RECORDS FOR THIS EXERCISE Start Marker

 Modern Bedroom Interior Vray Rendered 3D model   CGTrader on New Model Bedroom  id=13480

RECORDS FOR THIS EXERCISE End Marker
RECORDS FOR THIS EXERCISE Start Marker

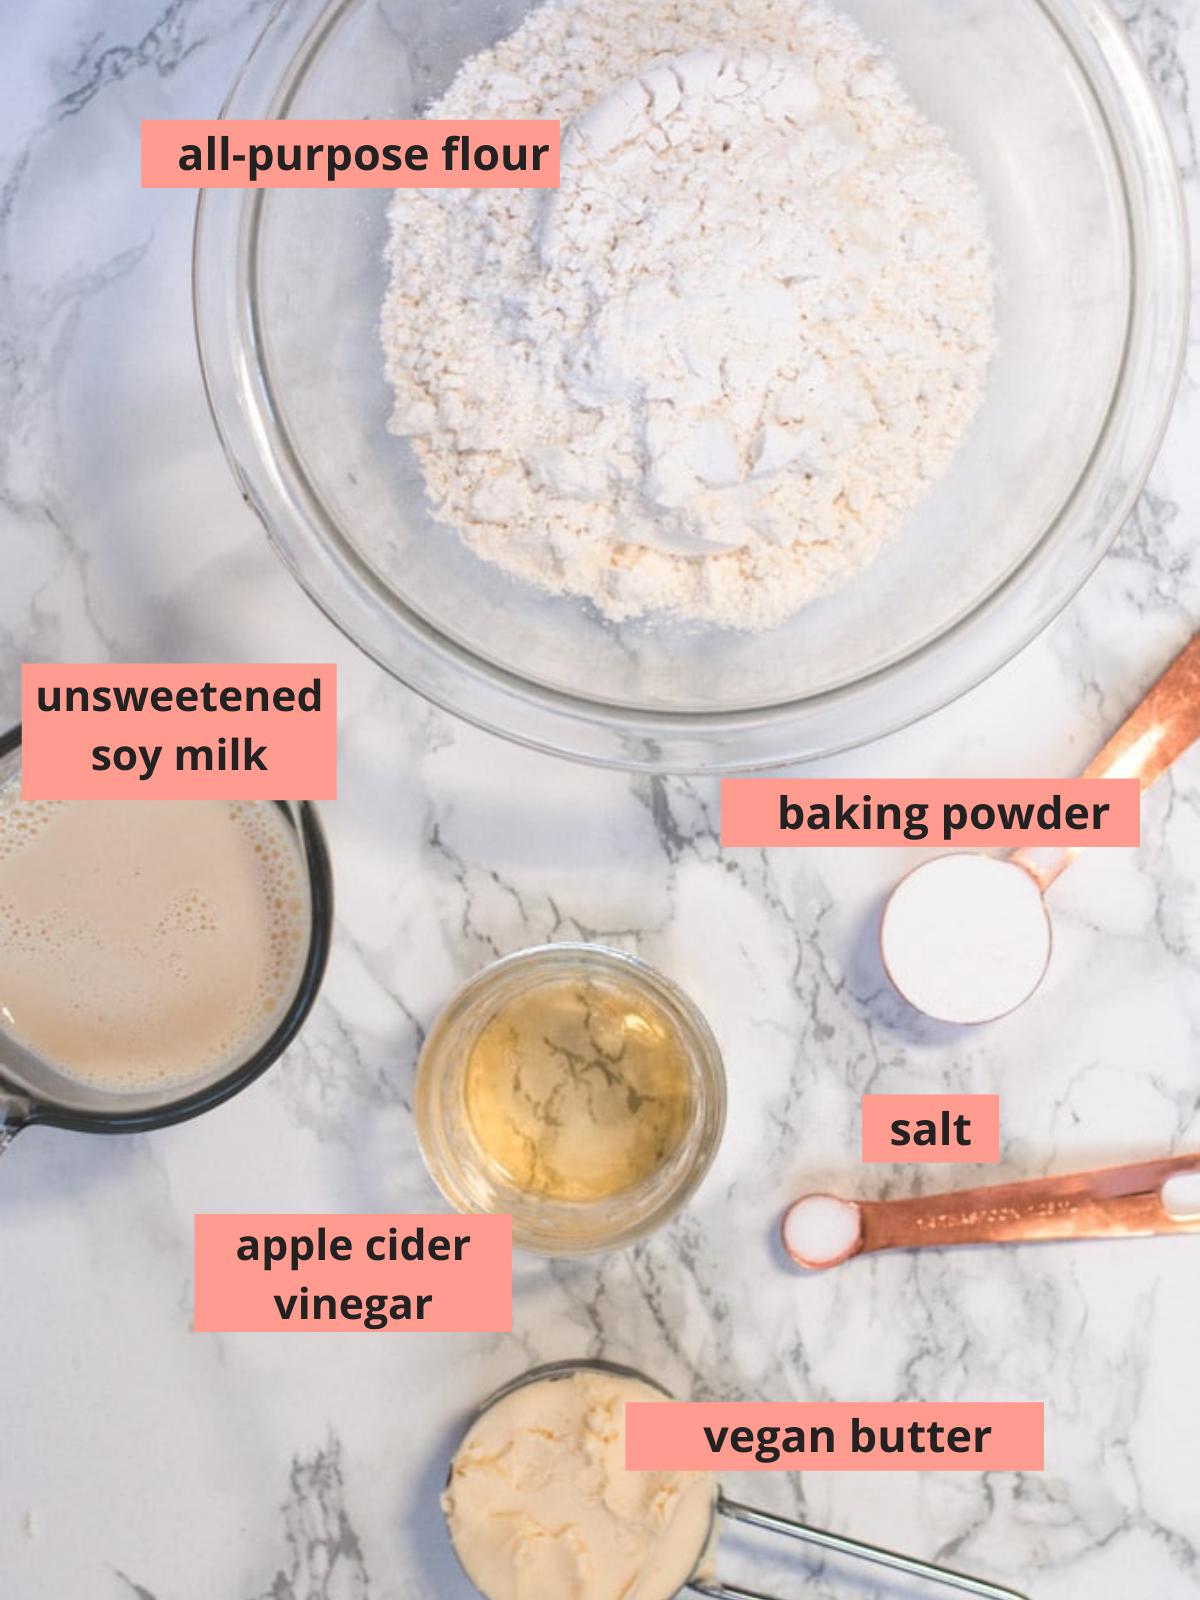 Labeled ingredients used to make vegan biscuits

RECORDS FOR THIS EXERCISE End Marker
RECORDS FOR THIS EXERCISE Start Marker

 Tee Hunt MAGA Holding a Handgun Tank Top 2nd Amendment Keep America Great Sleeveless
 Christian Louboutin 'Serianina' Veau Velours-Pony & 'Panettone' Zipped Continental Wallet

RECORDS FOR THIS EXERCISE End Marker

WHAT IS BEING ASKED: What is needed is a verbatim copy of every line in the records above from the one containing "Tee Hunt MAGA" down to the one containing "Christian Louboutin 'Serianina'", both included, and nothing more.

REPLY TO THE TASK:
 Tee Hunt MAGA Holding a Handgun Tank Top 2nd Amendment Keep America Great Sleeveless
 Christian Louboutin 'Serianina' Veau Velours-Pony & 'Panettone' Zipped Continental Wallet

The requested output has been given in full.